Although there’s an insurance component in endowment policies, the insurance coverage is too basic. Therefore, it is recommended to take up life insurance if you want to get yourself adequately insured.
Reasons why Singaporeans buy endowment plans
Endowment plans can be a form of low-risk investment if you have a medium to long-term financial goal to achieve.
As endowment plans are normally meant for long-term financial goals, it is a good way to plan for retirement by buying an endowment plan to grow your savings and receive payouts as you are about to step into retirement.
It’s good to save since young and plan for future. If you have an endowment plan since young, you are forced to saved as you are required to make regular payments.
Although endowment plans are more for saving than investing, it can also be considered as a low-risk investment due to its nature.
Children’s education fund
Being in the most expensive city in the world, tertiary education fees do not come cheap. If your child goes to a university in Singapore, you are expected to fork out at least about $30,000. To plan for such big expenses, Singaporeans buy an endowment plan in advance such that the policy matures and receive payouts just as their child enters university.

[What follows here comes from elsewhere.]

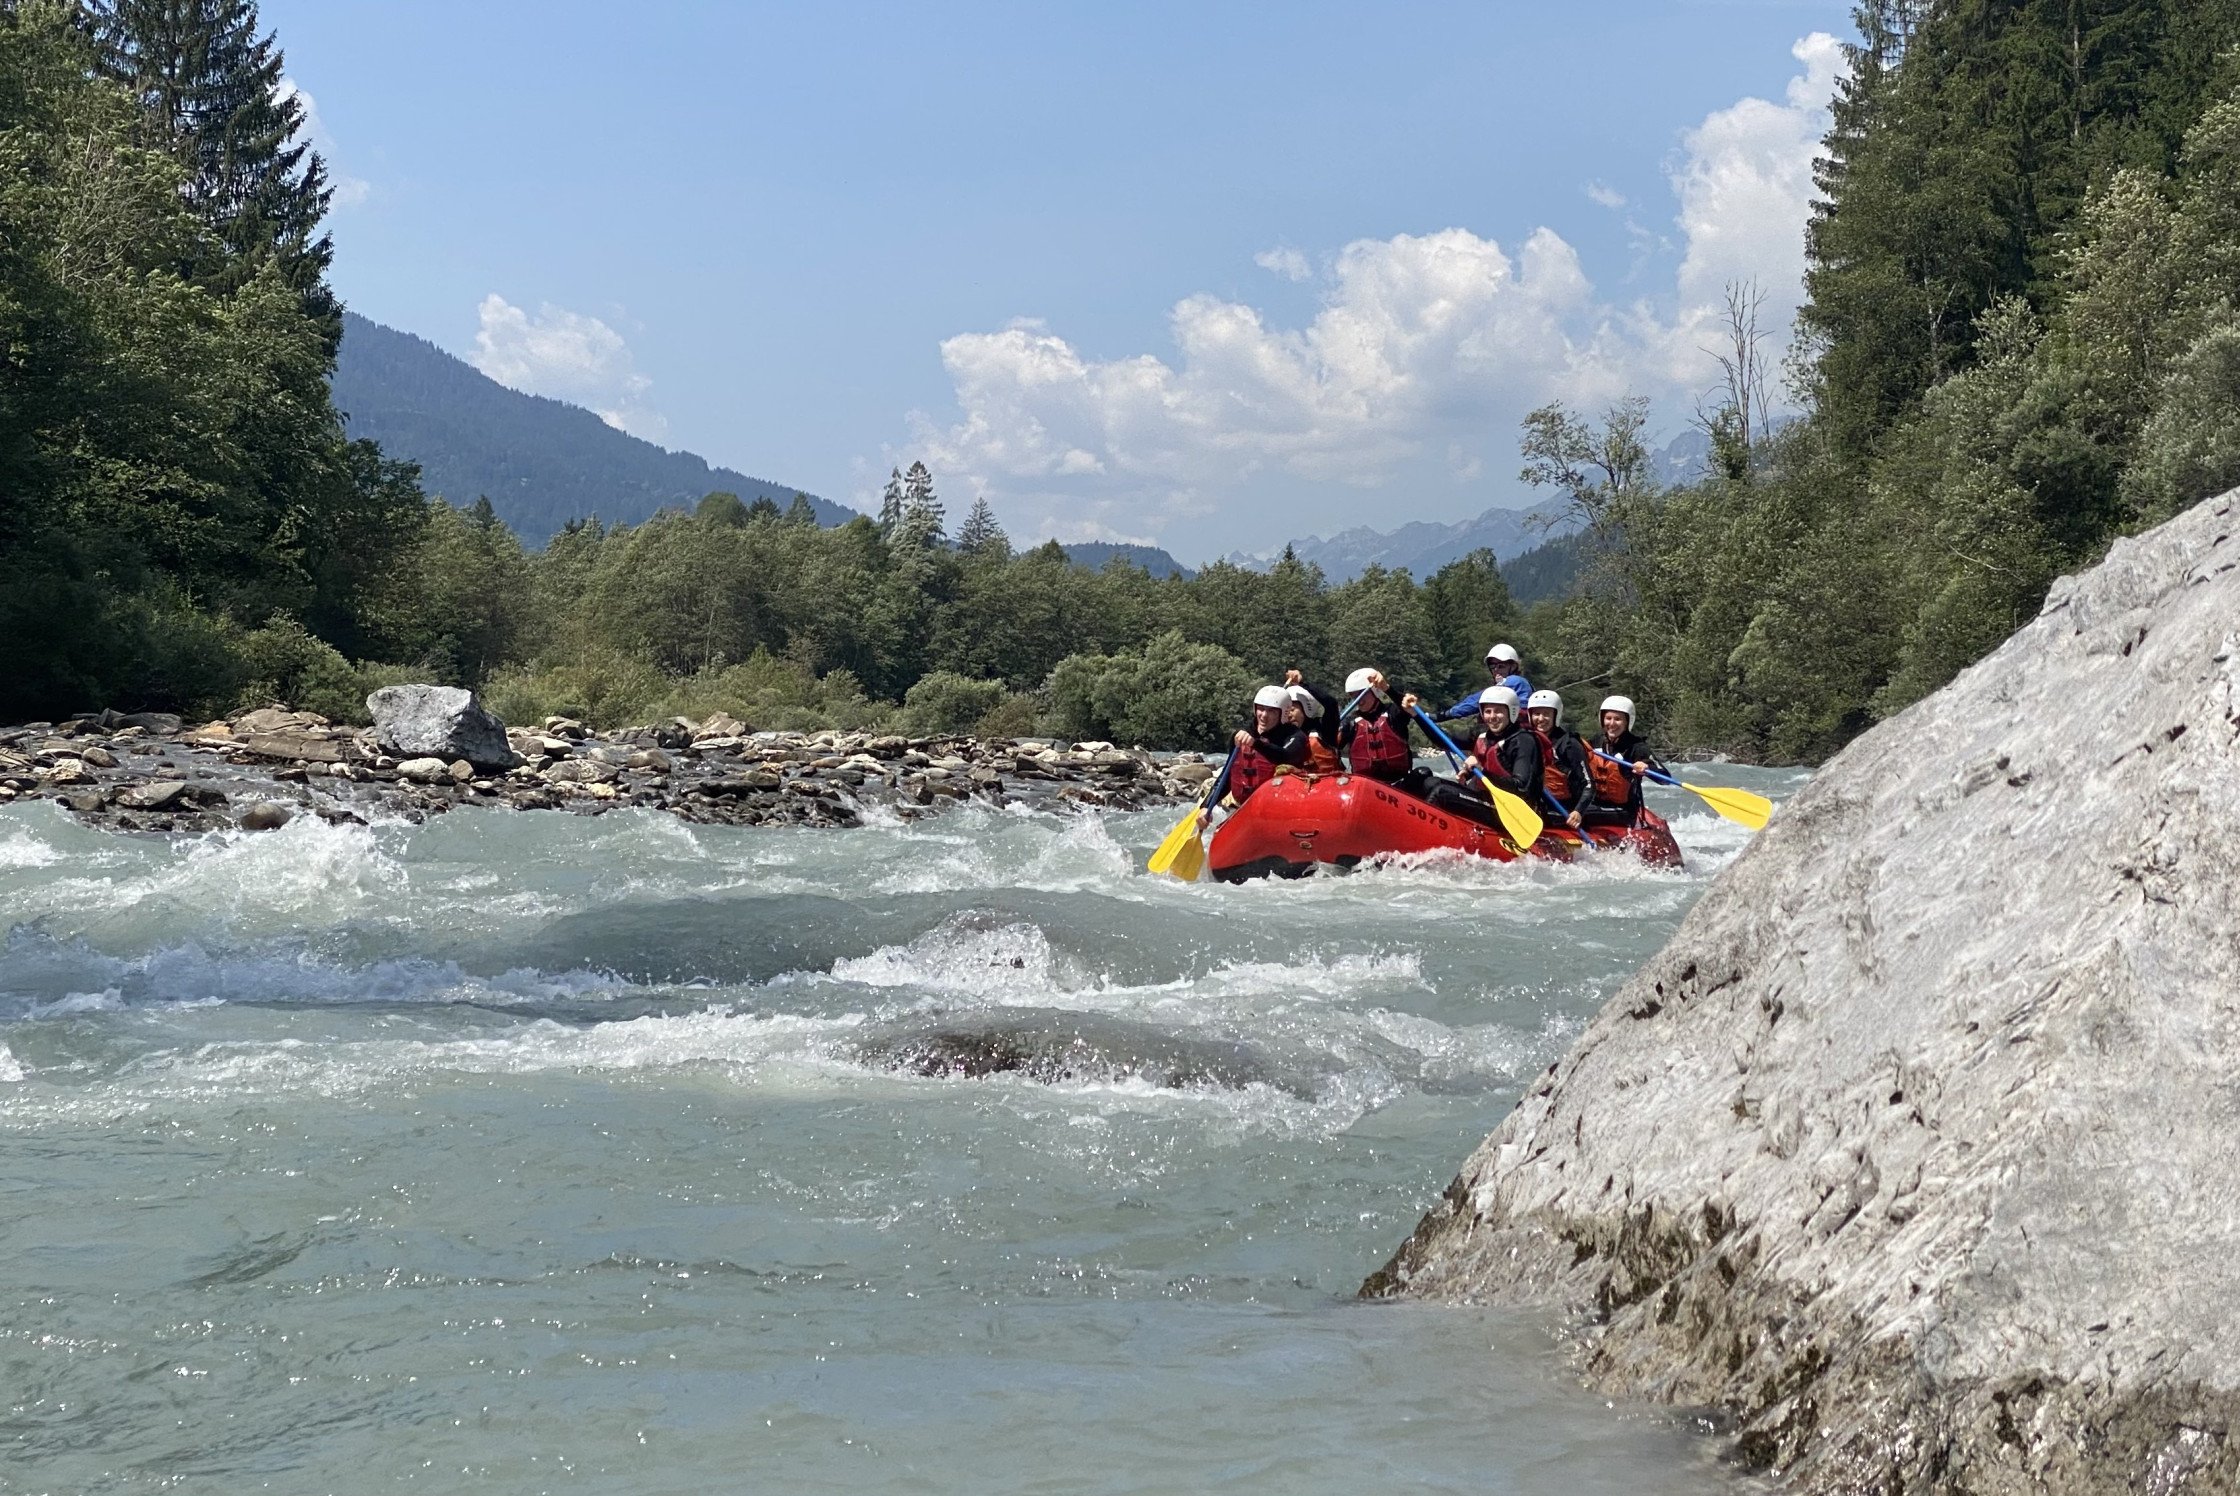 Gemeinsam durch die wilden Fluten: Erlebe die Faszination der Rheinschlucht auf unserer Raftingtour in Graubünden!

Why you should buy an endowment plan
In addition to the returns from endowment plans, if you want the insurance that is offered by endowment plans, it is a good reason to sign up for one. Although the insurance offered by such plans is insignificant, if you already have your own insurance policy, the insurance from endowment plans can act as a supplement to that.
Low-risk and predictable investment
If you invest in volatile types of investments like stocks, it is hard to know when you should or should not cash out.
However, with endowment plans, you know exactly when your policy matures and when payouts will be given. If you had planned properly in advance, such as using endowment payouts for your kid’s education, there is no need to worry about your investment being locked up when you need it.
Many endowment plans have the option of liquidating in case you need money urgently. This may result in losses on your investment but the impact is not going to be as dramatic as selling your stocks in a stock market crash.
Last but not least, the risks of investing in endowment plans are very low. As endowment plans always comes with a guaranteed amount, despite the possibility of losing money if your guaranteed returns are lower than the sum of the premiums paid over the years, there is a cap to the loss and, you will still get your guaranteed amount back no matter what.
Things to look out for when buying an endowment plan
The guaranteed amount
When it comes to savings and investments, this is the most important factor to consider. Ideally, it is wise to sign up for an endowment plan that offers guaranteed returns higher than the total premiums paid over the years.
The non-guaranteed amount
It’s only right that you wish the non-guaranteed amount to be as high as possible because this is where you will be making the money most from an endowment plan if the performance of your investment is positive. Therefore, it is important to study the details of your non-guaranteed returns.
When you buy an endowment plan, your financial consultant will come out with a chart showing the maximum non-guaranteed amount you can receive at the end of each year. It is recommended to refrain from signing plans offering $0 non-guaranteed amount for more than a year or two.